### What to work on
Repeat all the lines below exactly, but omit the pictures.

### Dataset excerpt
════

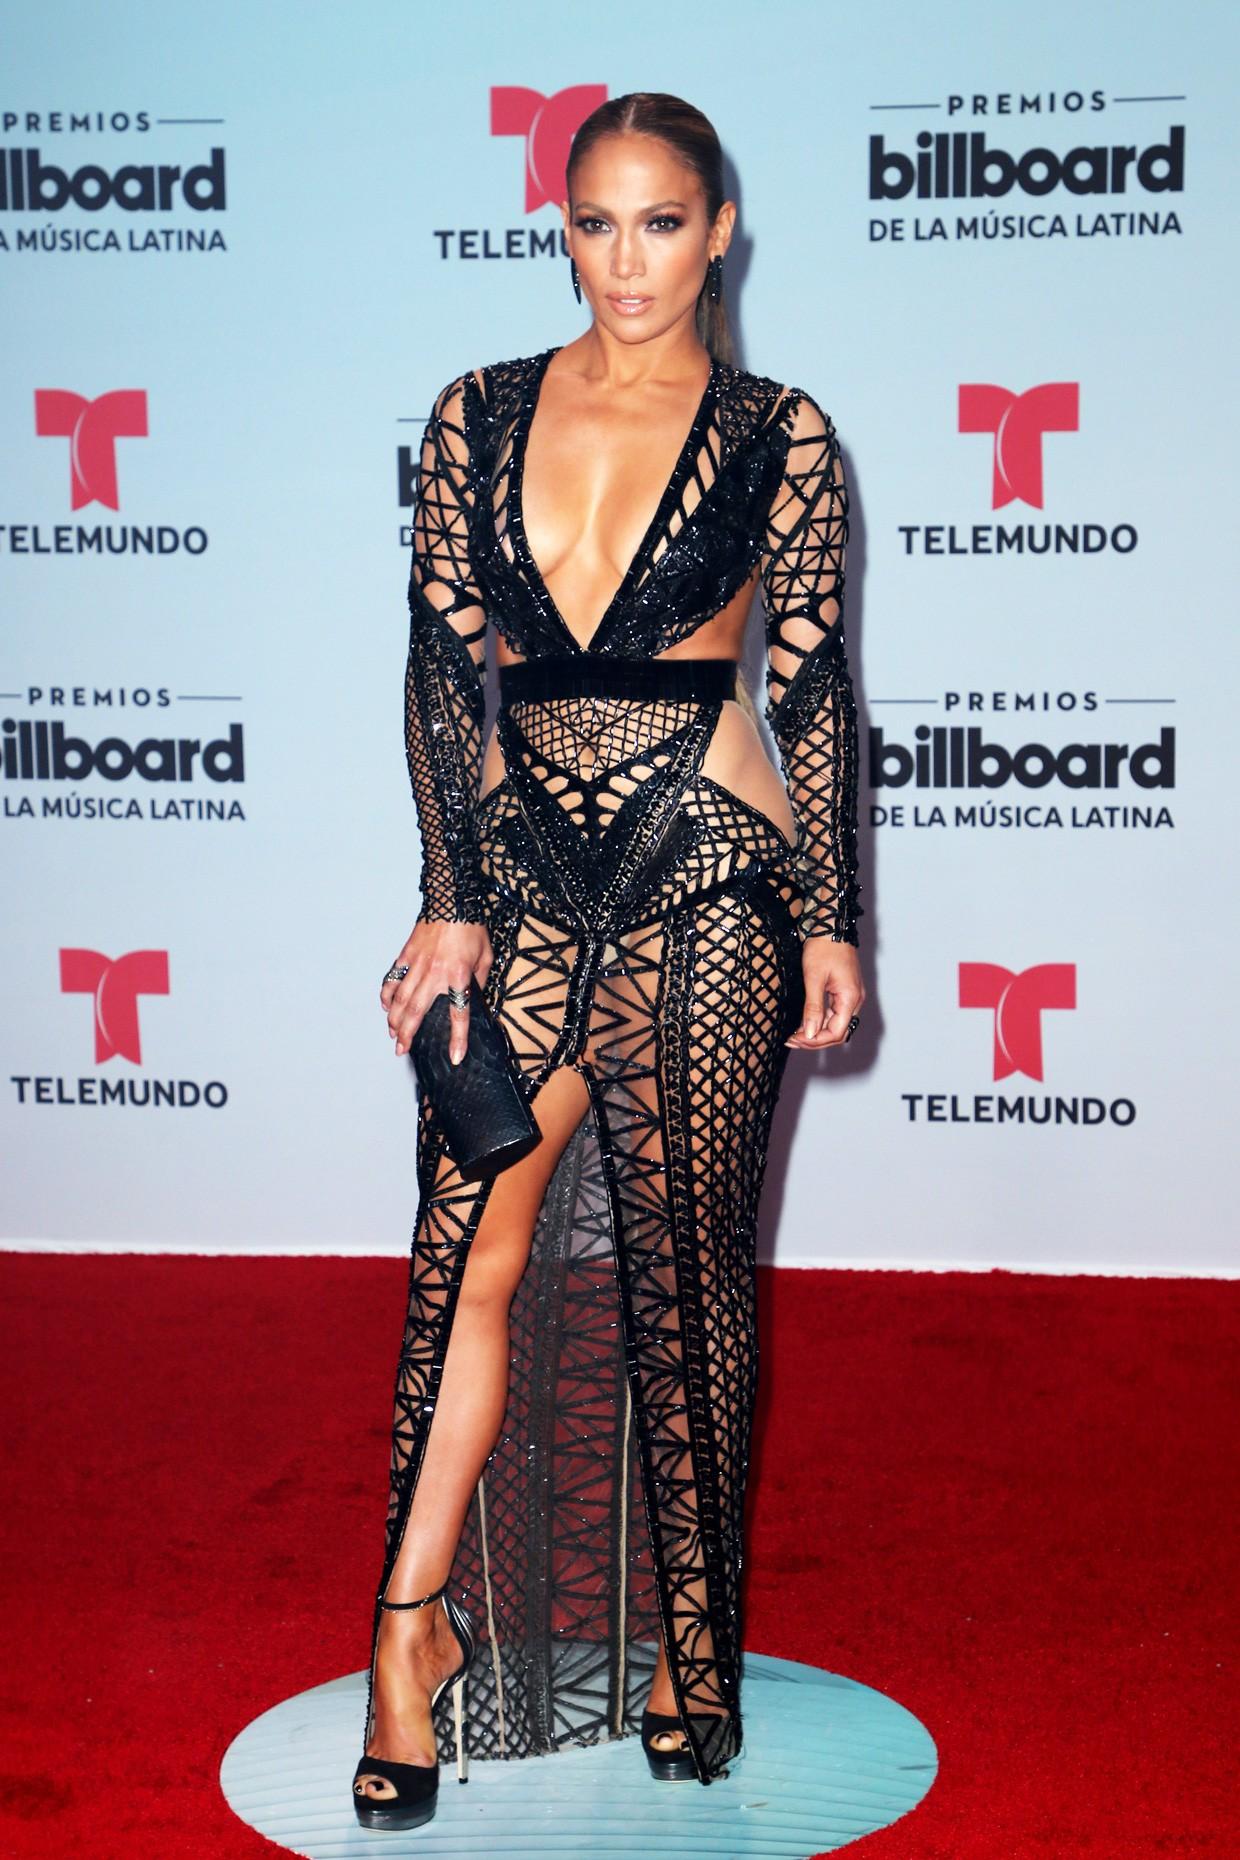 2017 Billboard Latin Music Awards: See The Red Carpet Photos | Billboard | Billboard
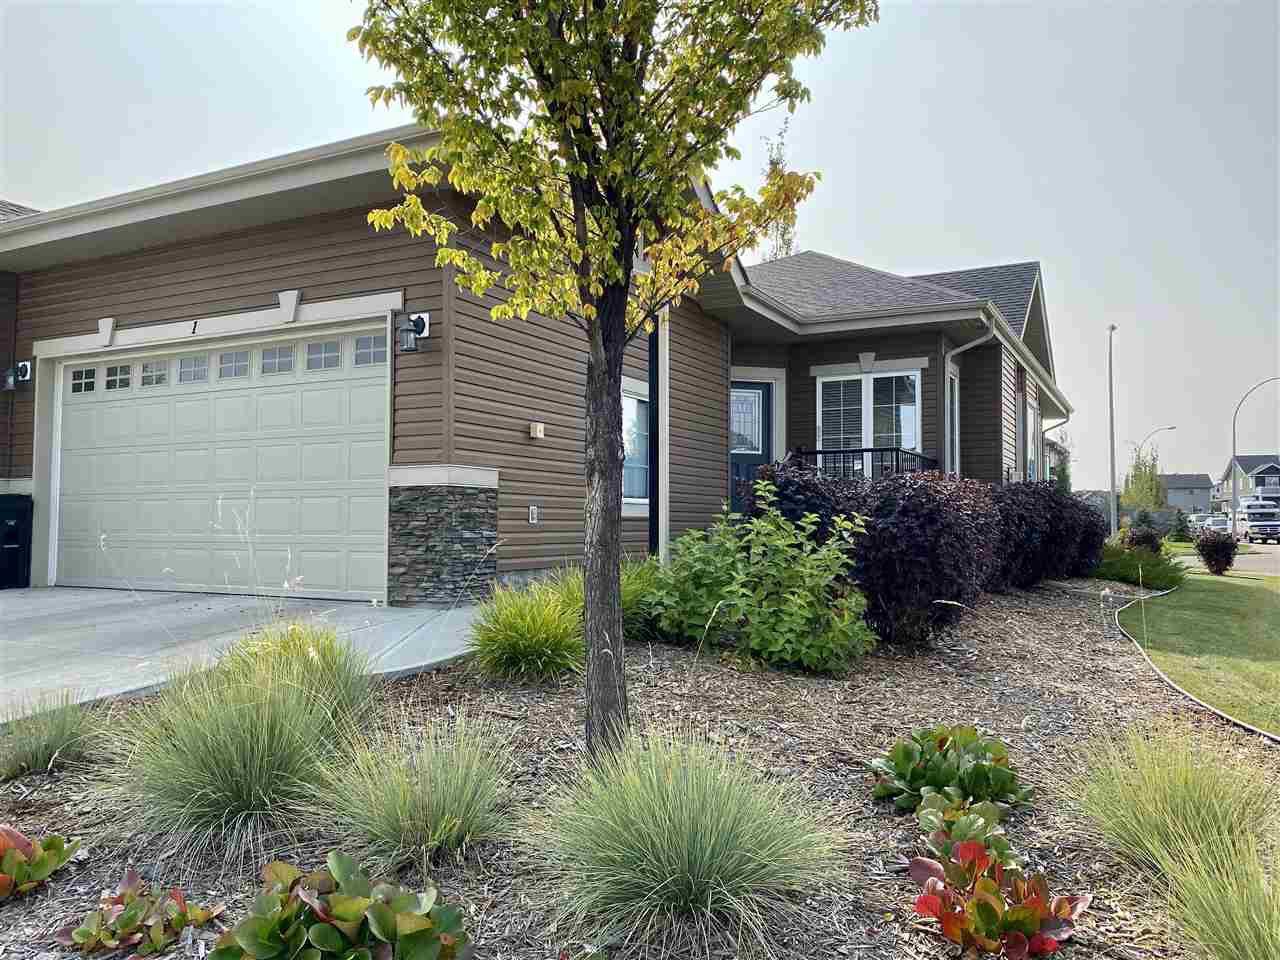 Main Photo: 1 4001 ETON Boulevard: Sherwood Park House Half Duplex for sale : MLS®# E4215412
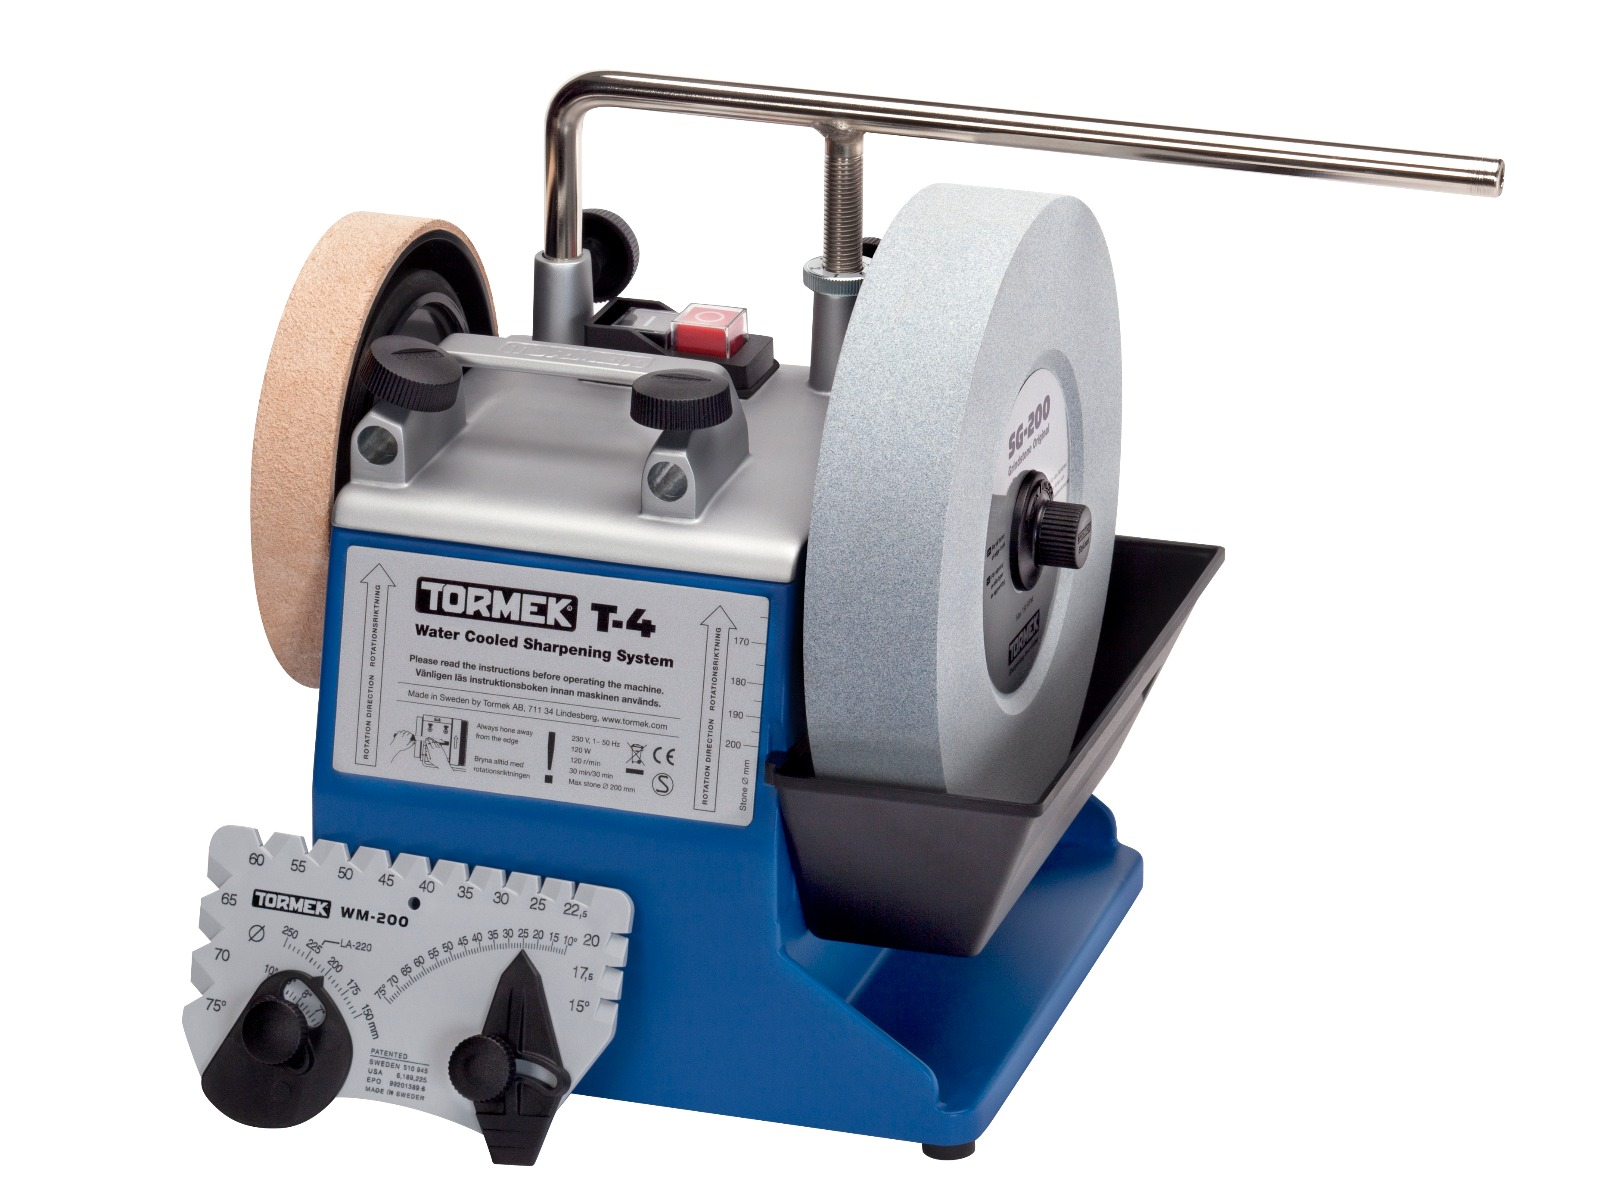 Tormek T-4 Sharpening System

════

### Written response
 2017 Billboard Latin Music Awards: See The Red Carpet Photos | Billboard | Billboard
 Main Photo: 1 4001 ETON Boulevard: Sherwood Park House Half Duplex for sale : MLS®# E4215412
 Tormek T-4 Sharpening System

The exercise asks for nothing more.